• **DATASET EXCERPT**
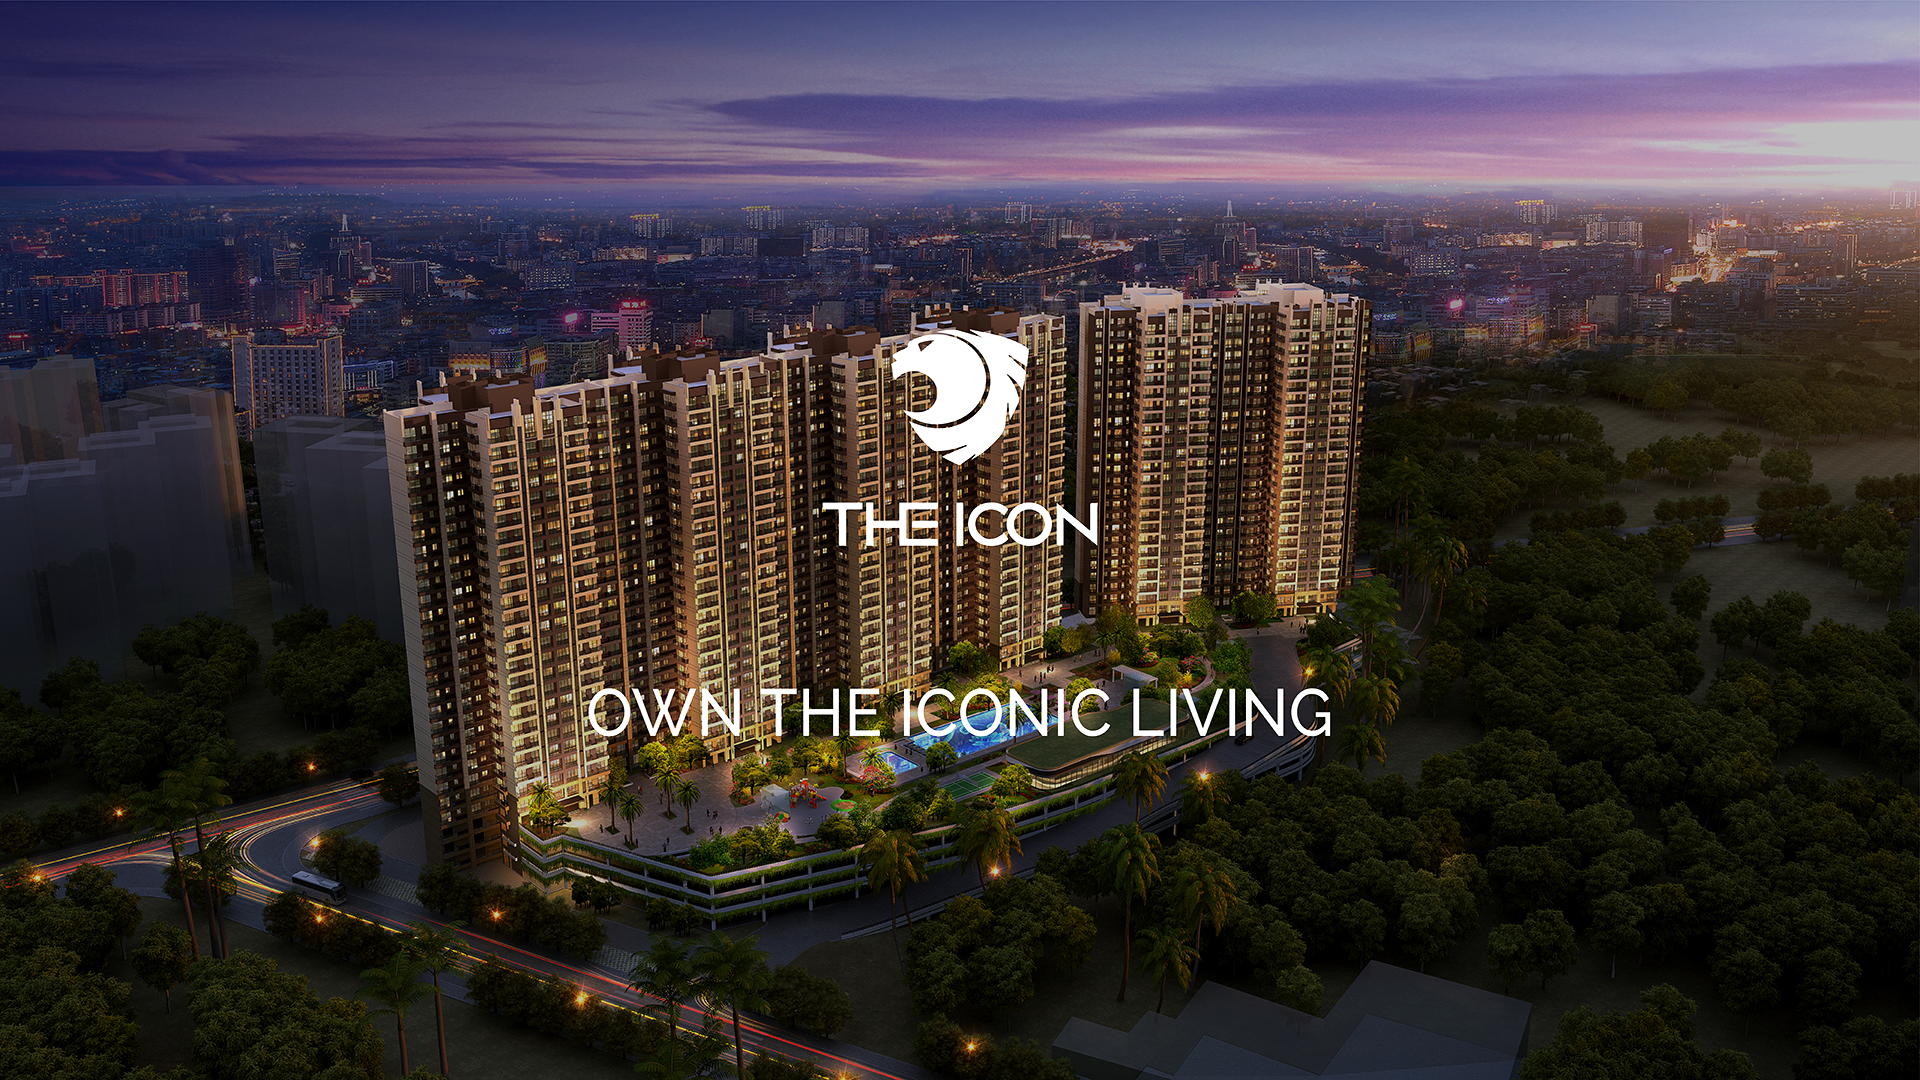 The Icon by Risland in Thane - Residential, 2 & 3 BHK Comfortable Flat in Dhokali, Thane (w)
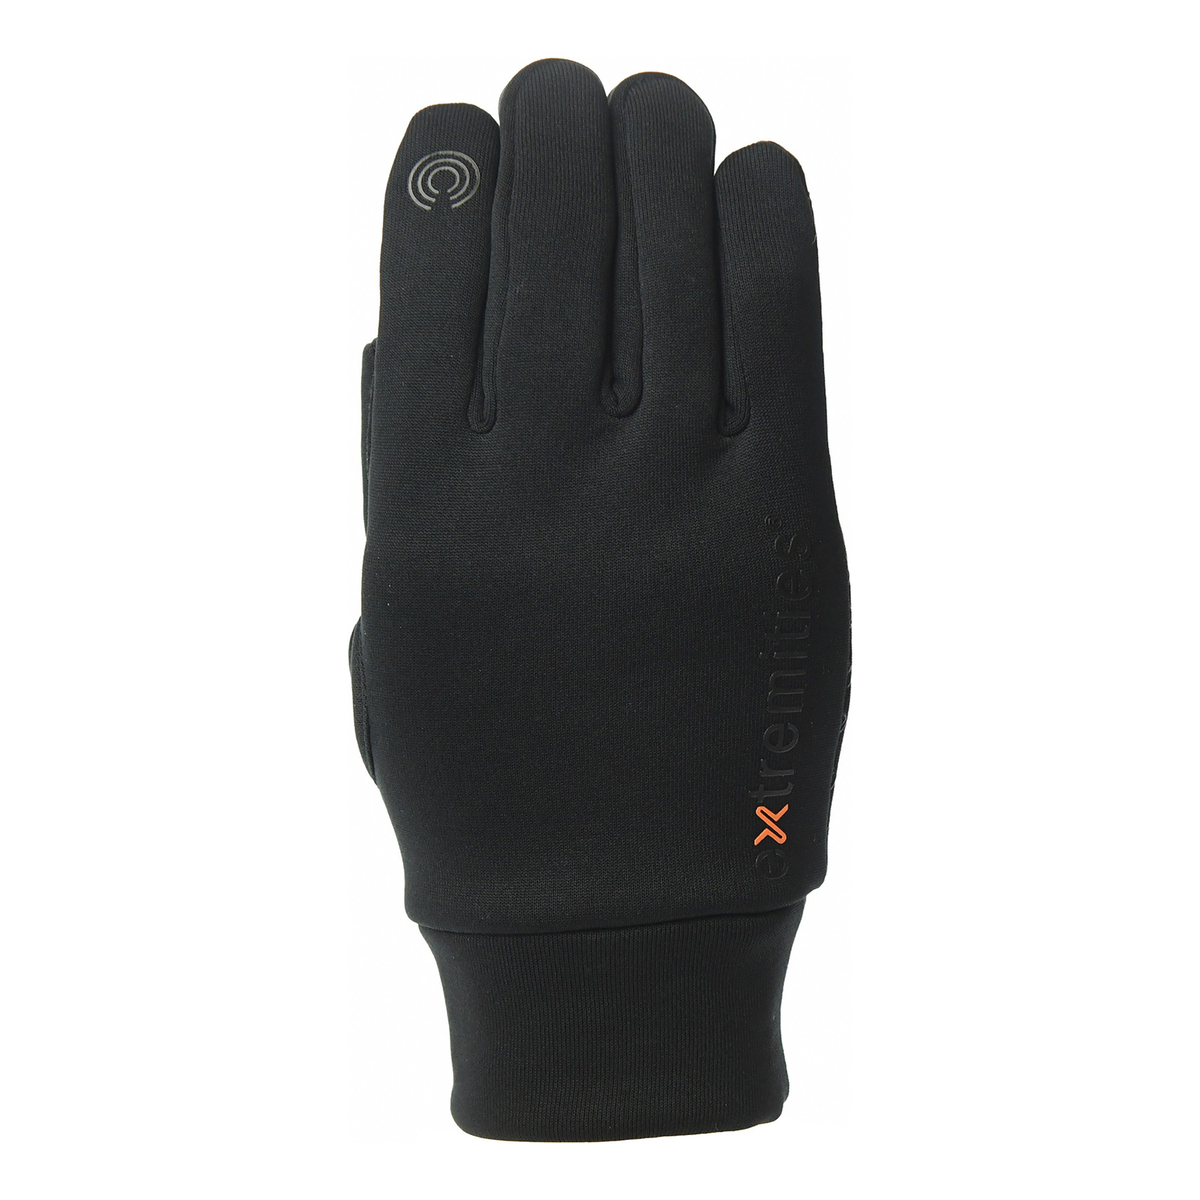 Extremities Sticky Power Liner Touchscreen Glove - Black
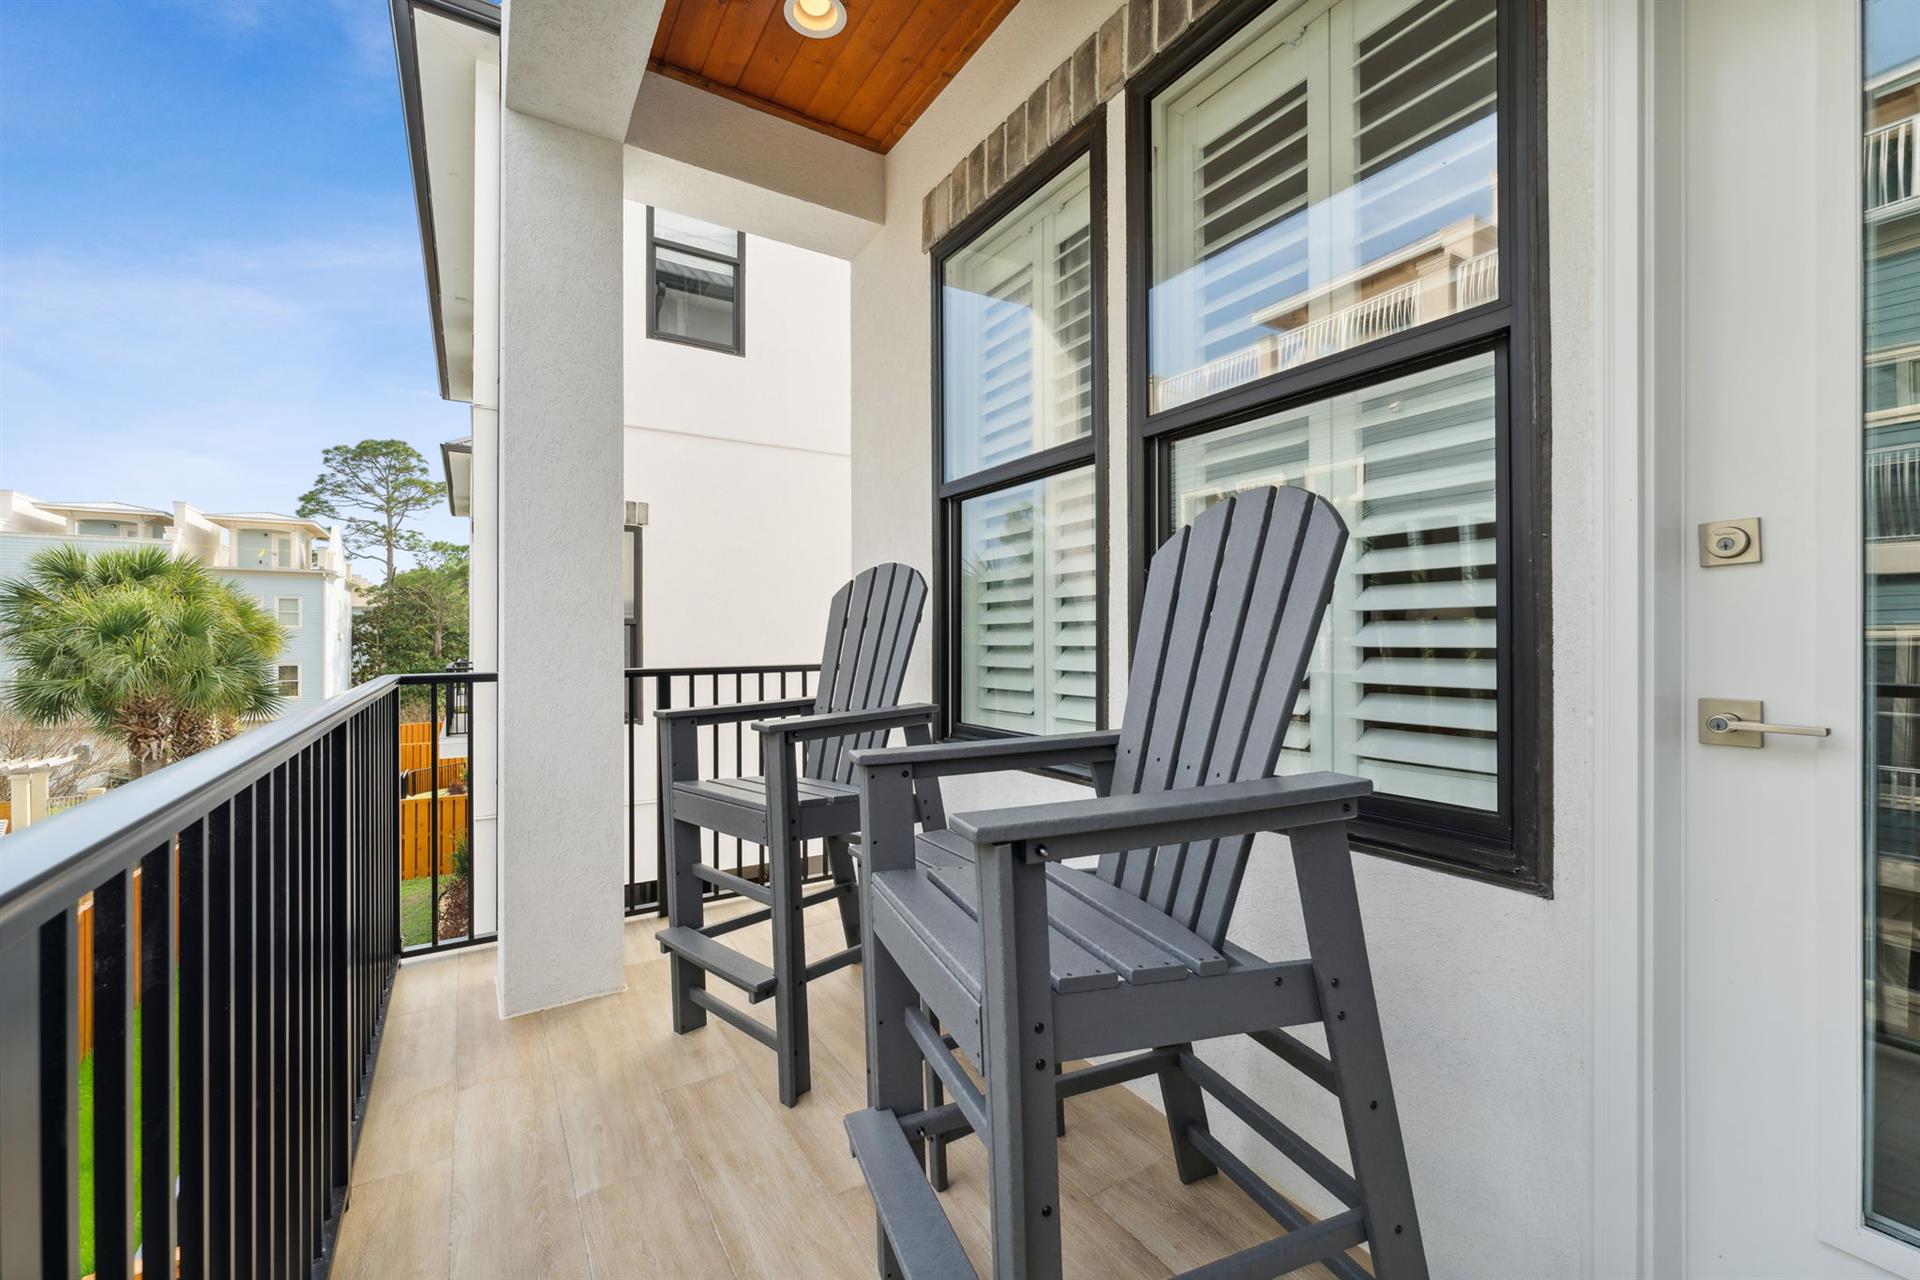 Second Floor Balcony, access from living room or king bedroom
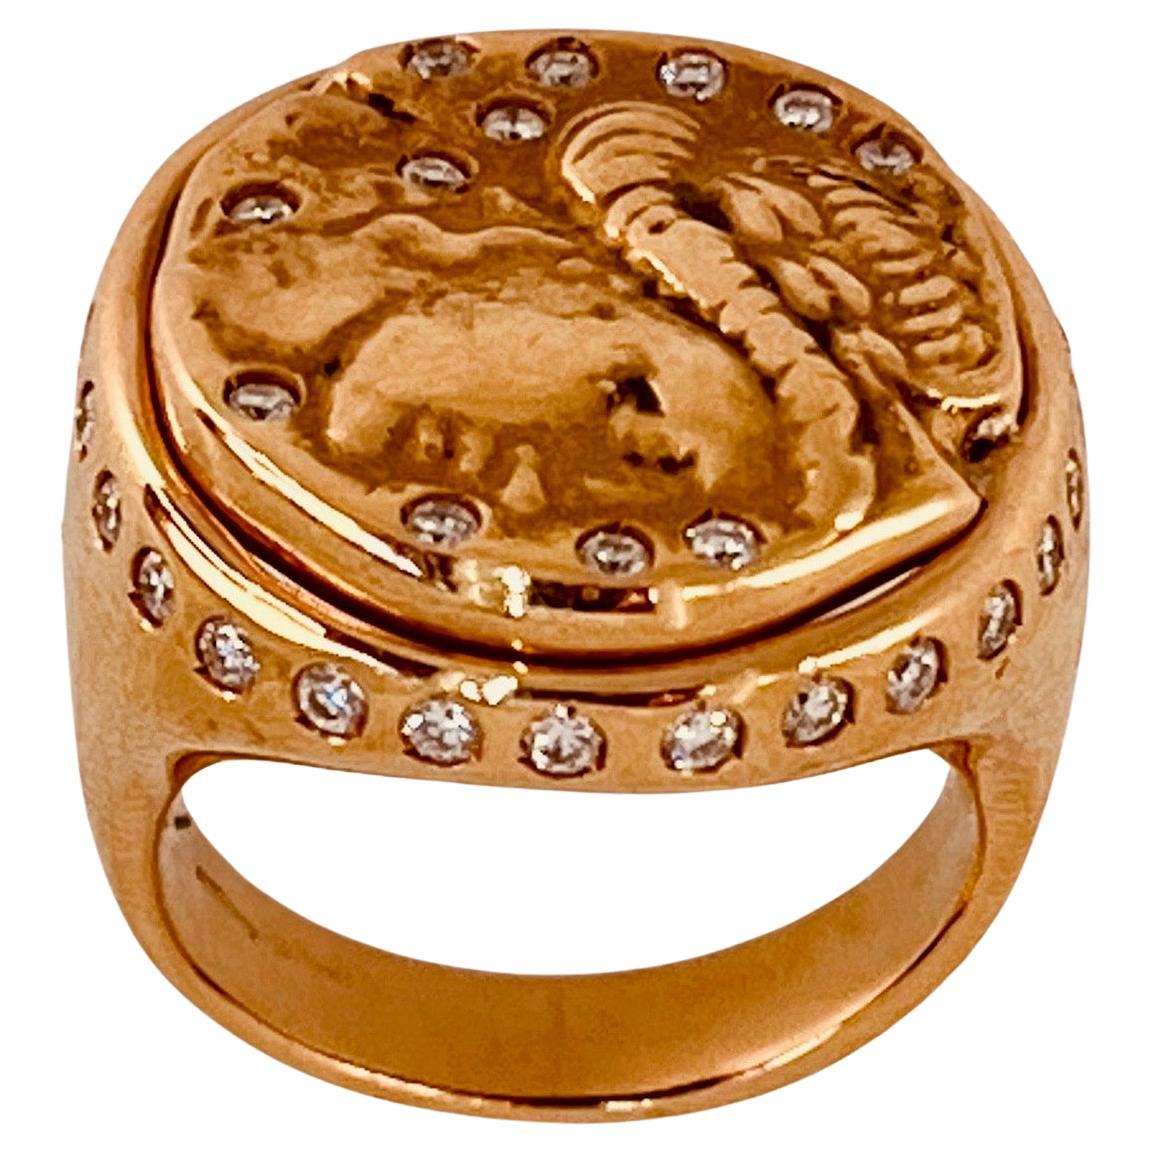 Gavello 18ct gold and diamond ring, centring an image of Alexander The Great with random set diamonds and a line of diamonds set along the bezel. Signet ring, 21mm diameter. Weight: 15.8 grames. Approx. diamond weight: 0.8ct. Ring is resizable. Size

• **WHAT YOU HAVE TO DO**
As you output the material, omit the pictures but alter nothing else.

• **RESPONSE TO THE TASK**
 The Icon by Risland in Thane - Residential, 2 & 3 BHK Comfortable Flat in Dhokali, Thane (w)
 Extremities Sticky Power Liner Touchscreen Glove - Black
 Second Floor Balcony, access from living room or king bedroom
 Gavello 18ct gold and diamond ring, centring an image of Alexander The Great with random set diamonds and a line of diamonds set along the bezel. Signet ring, 21mm diameter. Weight: 15.8 grames. Approx. diamond weight: 0.8ct. Ring is resizable. Size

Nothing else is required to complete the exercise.